Personal information
- Date of birth: June 5, 1978 (age 46)
- Place of birth: Kalamazoo, Michigan, United States
- Height: 6 ft 0 in (1.83 m)
- Position(s): Midfielder/Forward

Youth career
- 2000: Milligan Buffalo
- 2001–2003: Biola Eagles

Senior career*
- Years: Team / Apps / (Gls)
- 1999: South Carolina Shamrocks / 33 / (19)
- 2001–2003: Southern California Seahorses / 58 / (31)
- 2004: Charlotte Eagles / 17 / (5)
- 2005: TuS Koblenz / 0 / (0)
- 2005: IK Brage / 15 / (0)
- 2005: Orange County Blue Star / 2 / (2)
- 2006: Wilmington Hammerheads / 7 / (1)
- 2006–2007: Philadelphia KiXX (indoor)
- 2007–2008: New Jersey Ironmen (indoor)
- 2008–2009: Cleveland City Stars / 27 / (4)
- 2010–2011: Harrisburg City Islanders / 42 / (8)

= Jason Hotchkin =

American soccer player

Jason Hotchkin (born June 5, 1978, in Kalamazoo, Michigan) is an American former professional soccer player.

==Career==

===College and amateur===
Hotchkin had already played one year of professional soccer for the South Carolina Shamrocks in the USL D3 Pro League as an 18-year-old in 1997, prior to him attending college. He had a brief spell with St. Patrick's Athletic in the League of Ireland, playing several reserve league matches, and spent several months with training Cruz Azul in Mexico, but was not offered a contract.

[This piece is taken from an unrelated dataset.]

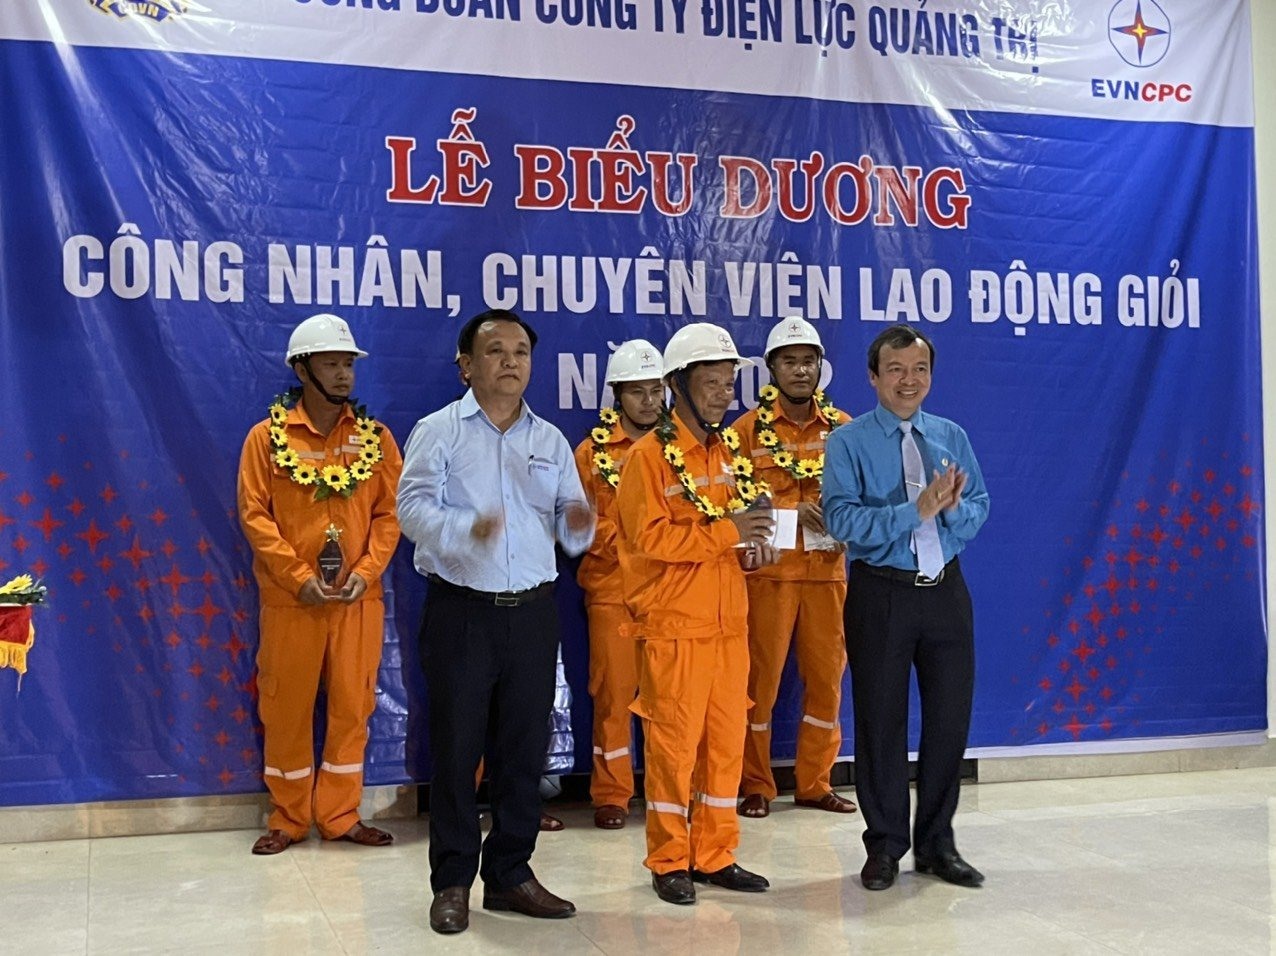 Công nhân Nguyễn Văn Quyền tại lễ biểu dương công nhân, chuyên viên lao động giỏi năm 2022 của Công ty Điện lực Quảng Trị. Ảnh: Lê Thế Minh
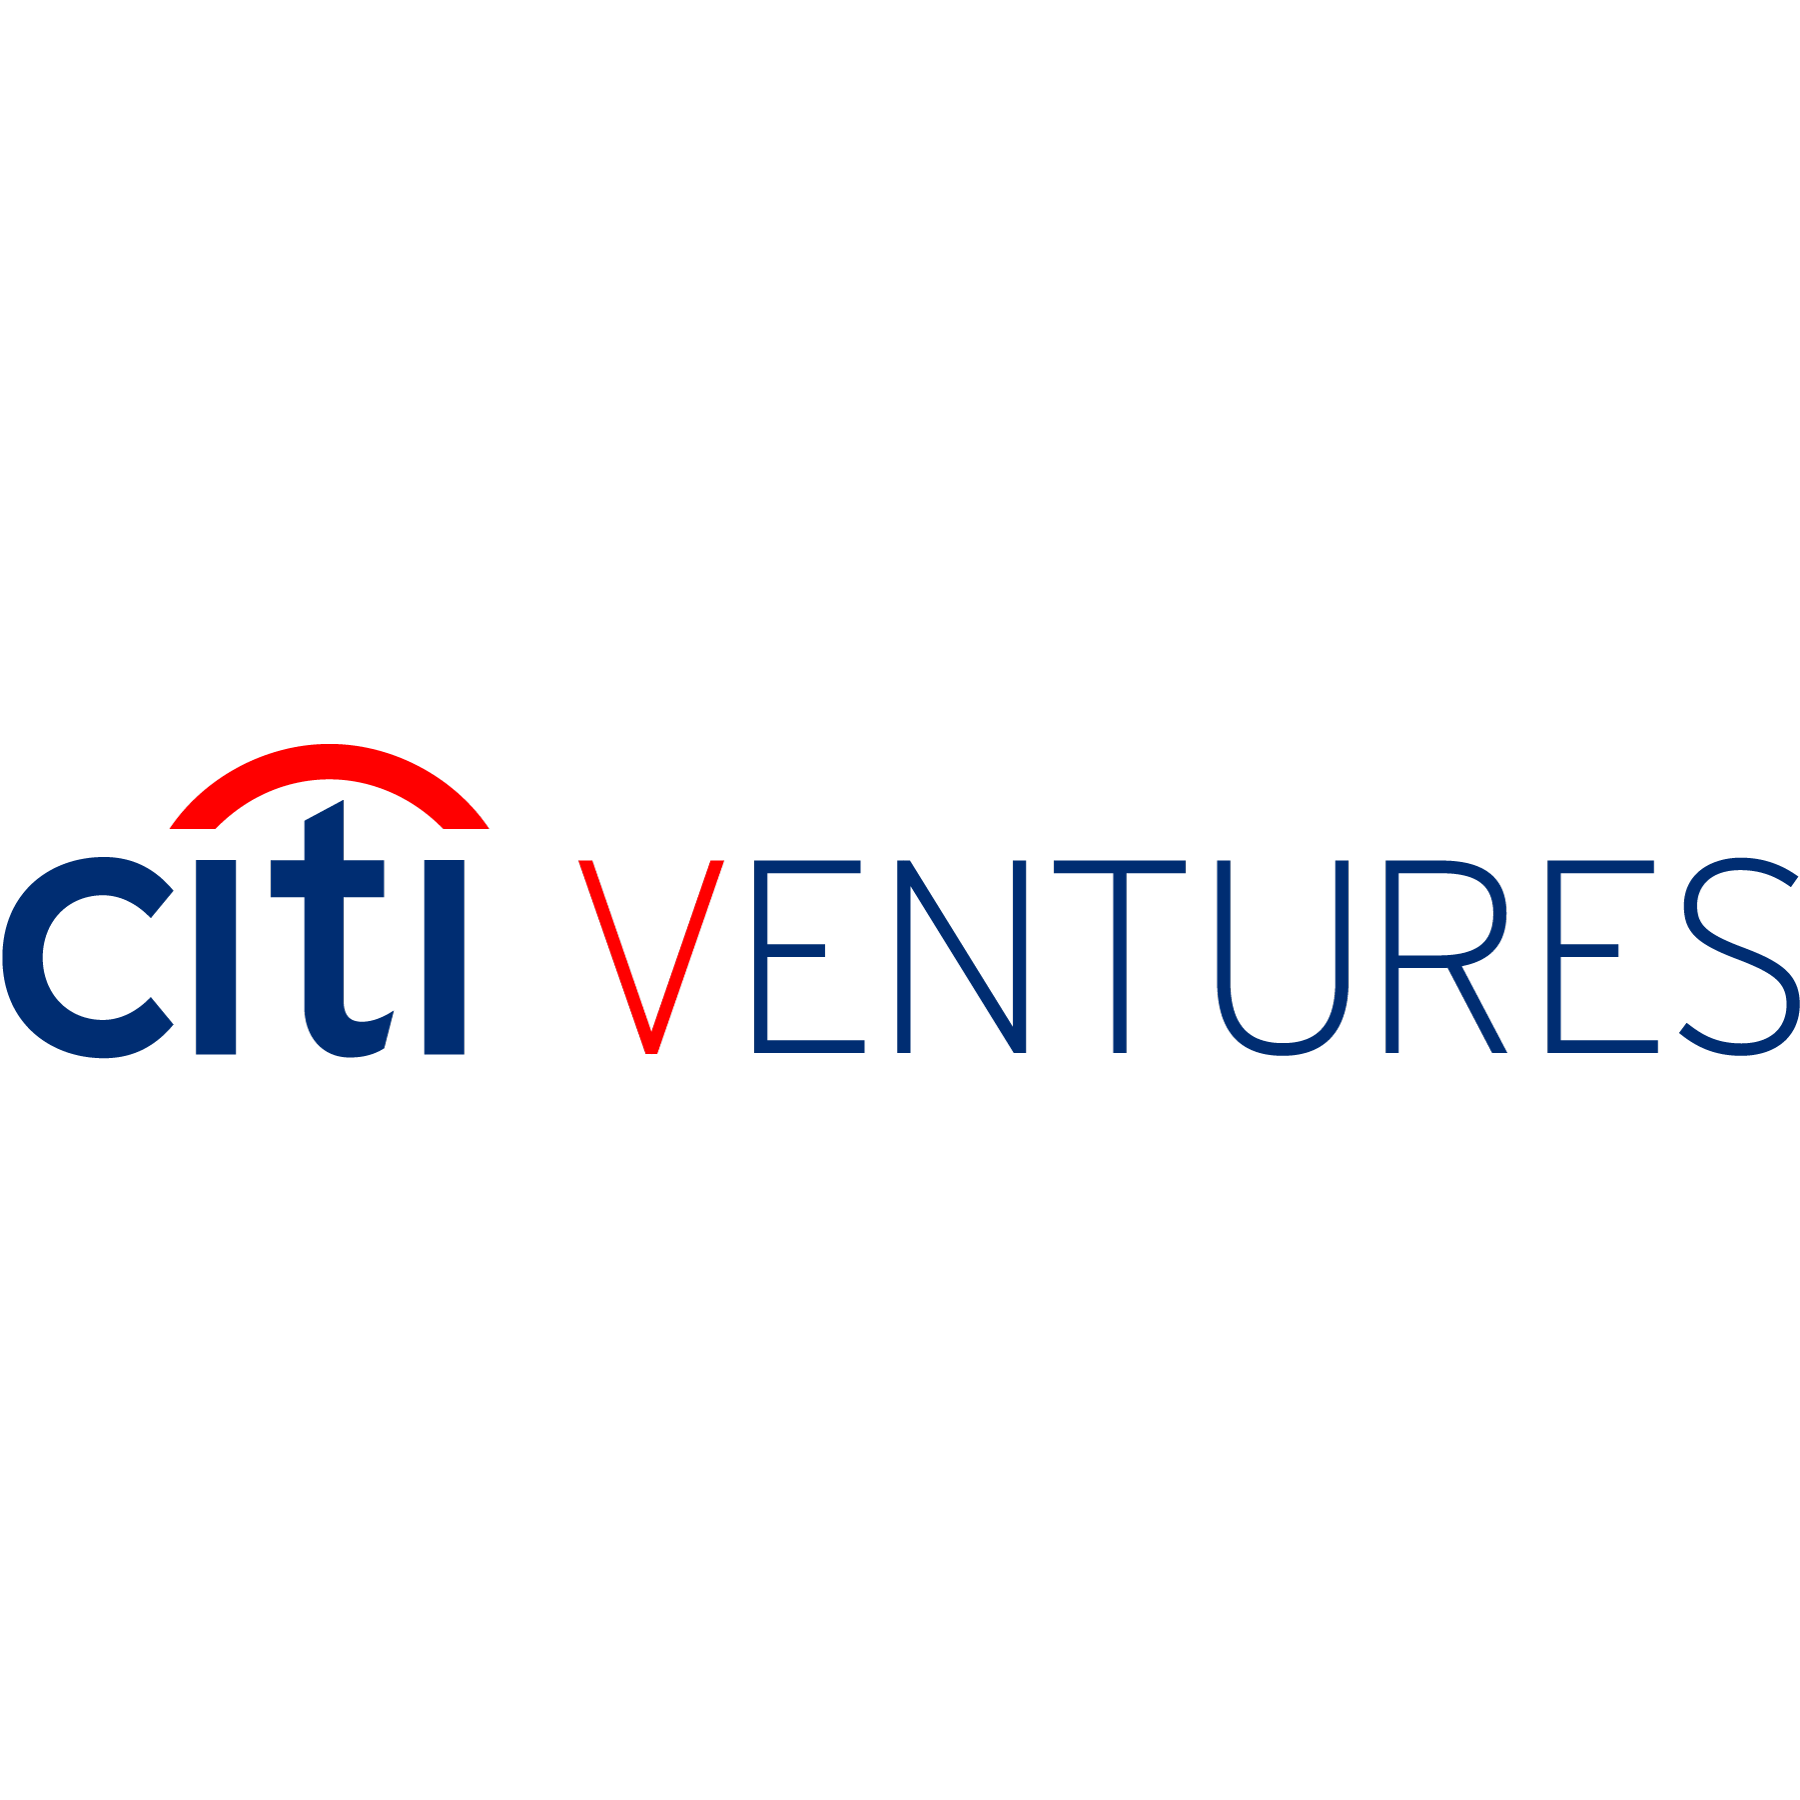 Citi Ventures Logo

He played college soccer at Milligan College, and then at Biola University in La Mirada, California, where he was named to the all-Golden State Athletic Conference team as a senior in 2003 when he registered 11 goals and a team-high 7 assists.

During his college years Hotchkin also played with the Southern California Seahorses of the USL Premier Development League, scoring 31 goals and 15 assists in 58 matches played over the course of three seasons, and being voted to the PDL Team for the Year in 2003.

===Professional===
In 2004 Hotchkin signed with Charlotte Eagles of the USL Pro Soccer League He appeared in 15 matches recording 5 goals and 4 assists. Charlotte finished league runner-up by losing on penalties to the Utah Blitz. In 2005, after a largely unsuccessful stint with German club TuS Koblenz he moved to Sweden to play for IK Brage playing 15 matches. In 2006, he returned to the USL. He played 7 matches with the Wilmington Hammerheads scoring 2 times and recording 3 assists.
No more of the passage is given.